The Jewish Diaspora, Whose Forced Dispersal Through History Shaped Ashkenazi, Sephardi, and Mizrahi Traditions and Enriched Europe’s Cultural Landscape
The Jewish diaspora, shaped by centuries of migration and resilience, gave rise to rich traditions across Ashkenazi, Sephardi, and Mizrahi communities. Hanukkah, the Festival of Lights, celebrates the miracle of light and freedom, offering a joyful winter tradition alongside Christmas. Jewish culture and customs have deeply enriched Europe’s cultural tapestry.
Kwanzaa, an African-American Winter Celebration
Kwanzaa, founded in the 1960s, is a vibrant celebration of African heritage and community values. It’s a time to reflect on unity, creativity, and shared responsibility during the winter season.
There are many more winter celebrations around the world each year, each with its own unique meaning and traditions. These stories are foundational to winter as we know it — and yet they often remain side-lined.
As someone who cares deeply about multi-faith history, I feel that winter interpretation could be richer, more diverse, and more reflective of the communities who visit our museums today.
📚 Literature, Diaspora & Contemporary Echoes
This year, at the Khushwant Singh Literary Festival in London, I had the opportunity to support The Poetry Archive’s launch of the Poetry of South Asia collection.
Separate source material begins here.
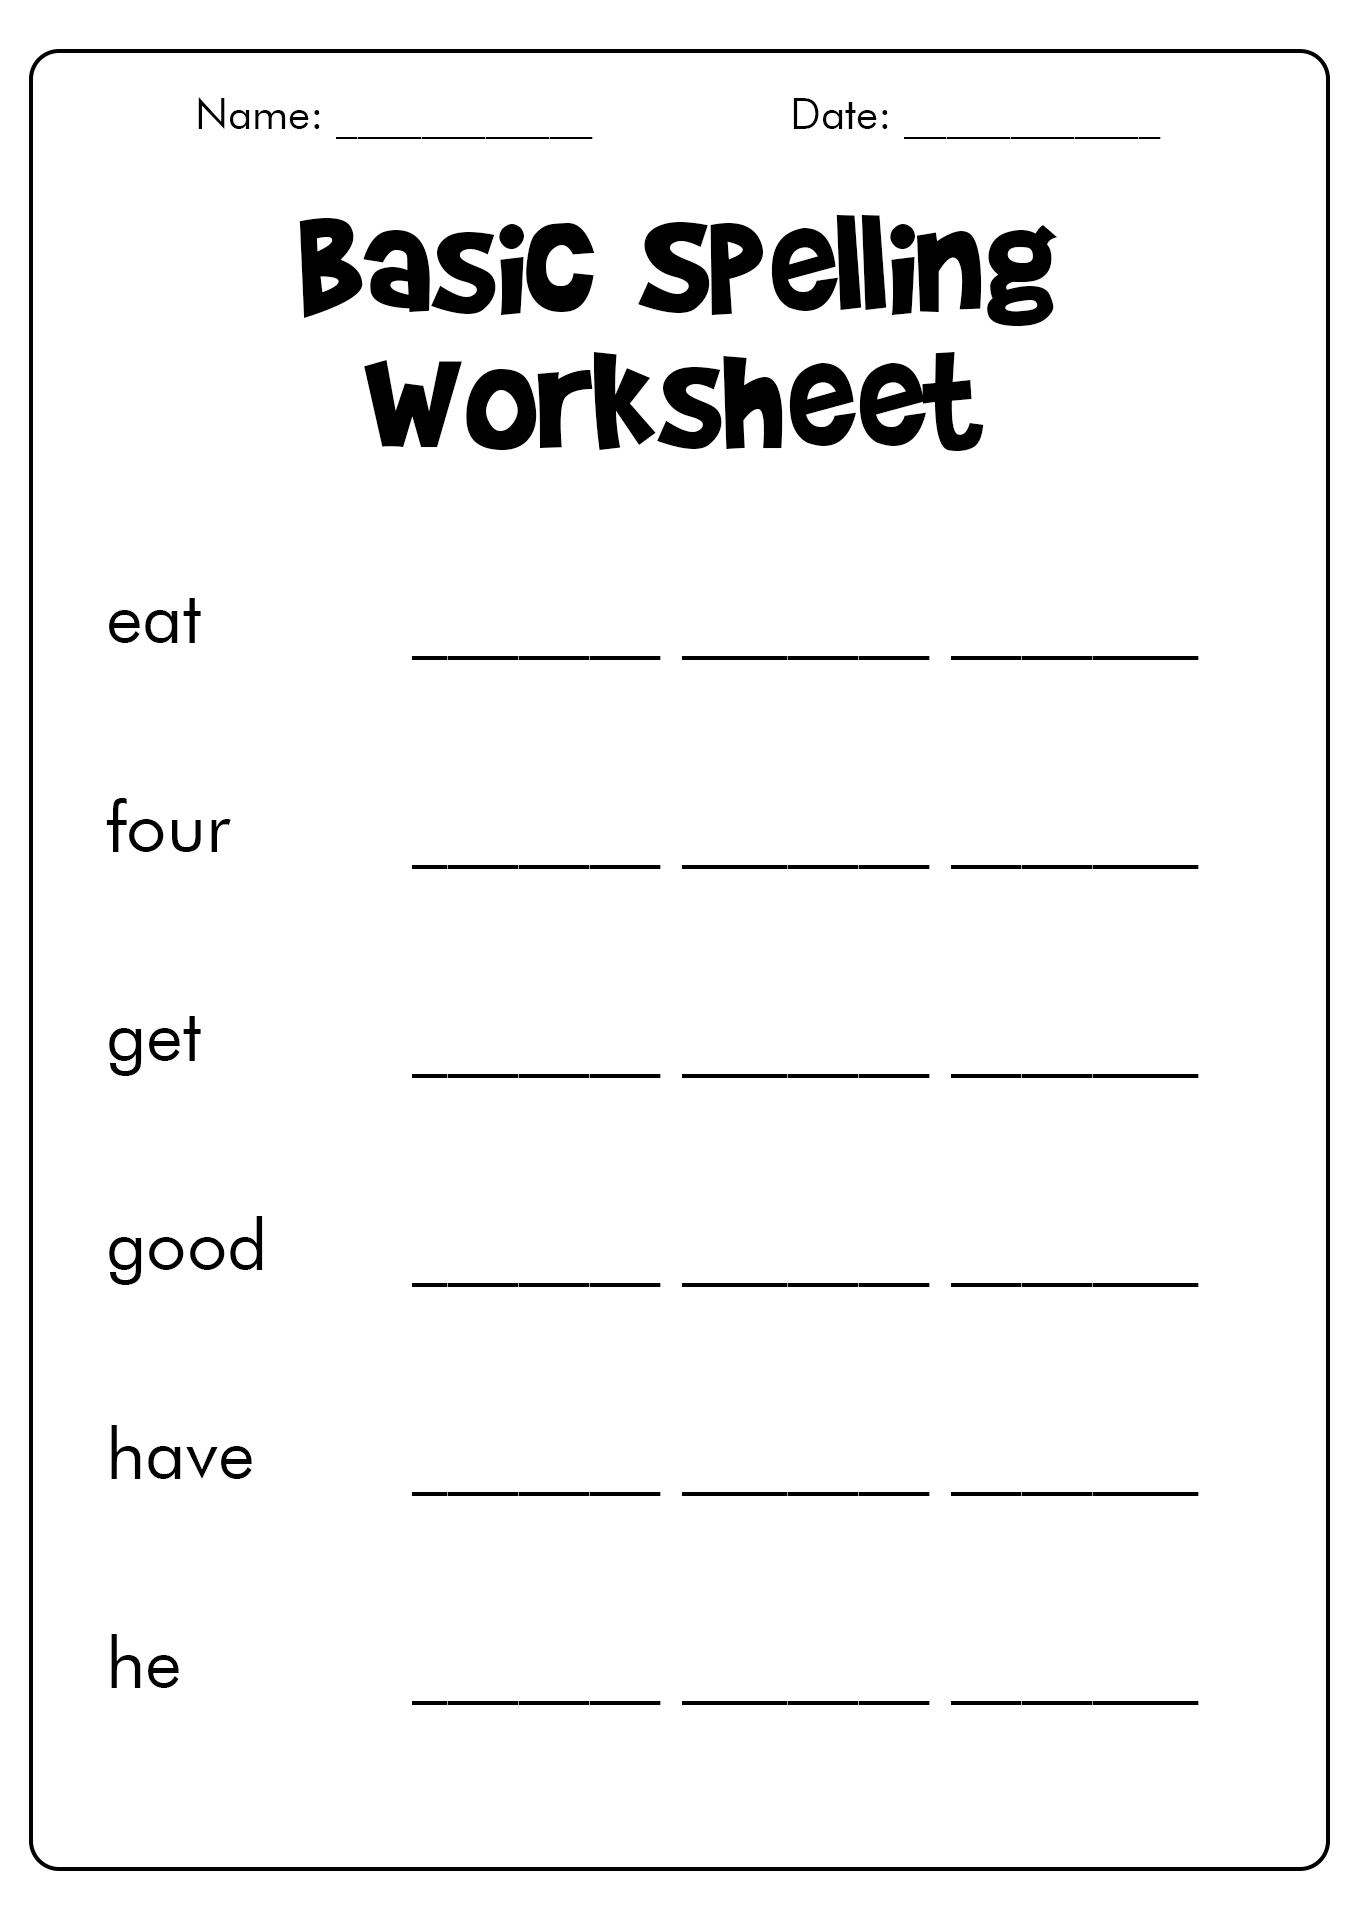 Kindergarten Spelling Test Worksheets Image
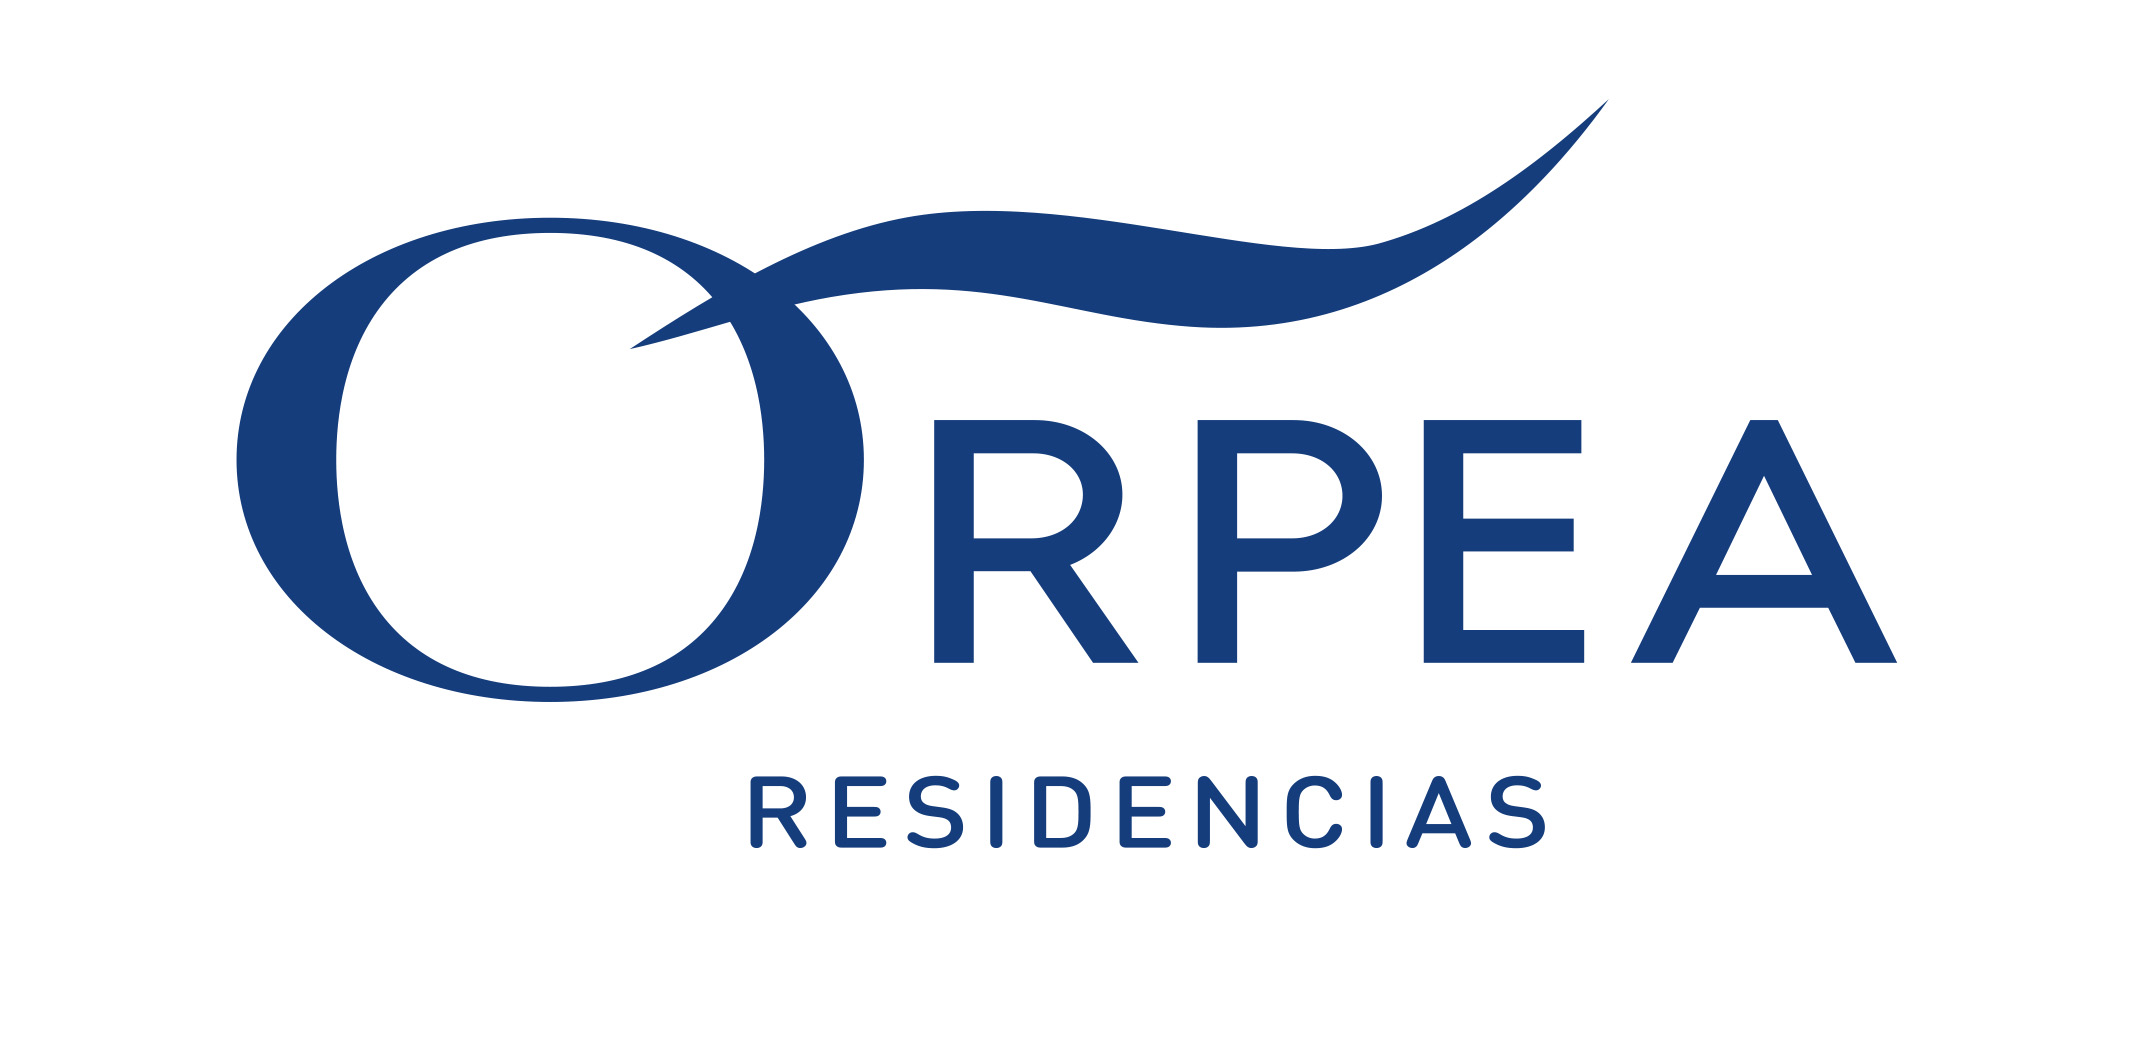 ORPEA ha realizado casi 10.000 test a trabajadores y residentes de todos sus centros

One of our poets, Seni Seneviratne, gave a moving reading featuring her own work alongside poems by Palestinian writers.
Her choices were thoughtful, human, and rooted in shared experience — highlighting how literature often holds space for stories museums have not yet fully embraced.
Seni Seneviratne
🖼️ What Museums Represent — and What They Leave Out
While museums occasionally include micro-displays responding to current events or community experiences (such as small solidarity cases featuring symbolic objects like watermelons or keffiyeh patterns), broader winter representation still leans overwhelmingly toward Christmas.
This isn’t a criticism — it’s an observation shaped by:
my lived experience growing up in predominantly Christian regions
my academic grounding in religious studies
and my volunteer work across several museums
I love Christmas events. I love Victorian storytelling. But I also believe museums can hold more than one tradition at a time.
♿ Why This Matters to Me
My perspective is shaped not only by my academic background but also by my experience as a disabled, chronically ill person committed to accessibility and inclusive practice.
Across my website and socials, everything I produce — from Alt Text to transcripts, from emoji strategy to structural clarity — is shaped by a desire to help everyone feel welcome in heritage spaces.
Religious representation is part of that same accessibility mindset.
Museums tell the story of all of us. And winter has always been more than one story.
🌟 Looking Forward
As heritage professionals, volunteers, creatives, and audiences, we have an opportunity to widen the circle — to create winter programming that embraces:
Christian traditions
Jewish traditions
Pre- and non-Christian traditions
Diaspora cultures
Secular winter practices
Community voices
Contemporary literary and artistic responses
Not instead of Christmas — but alongside it.
Because the more stories we tell, the richer winter becomes.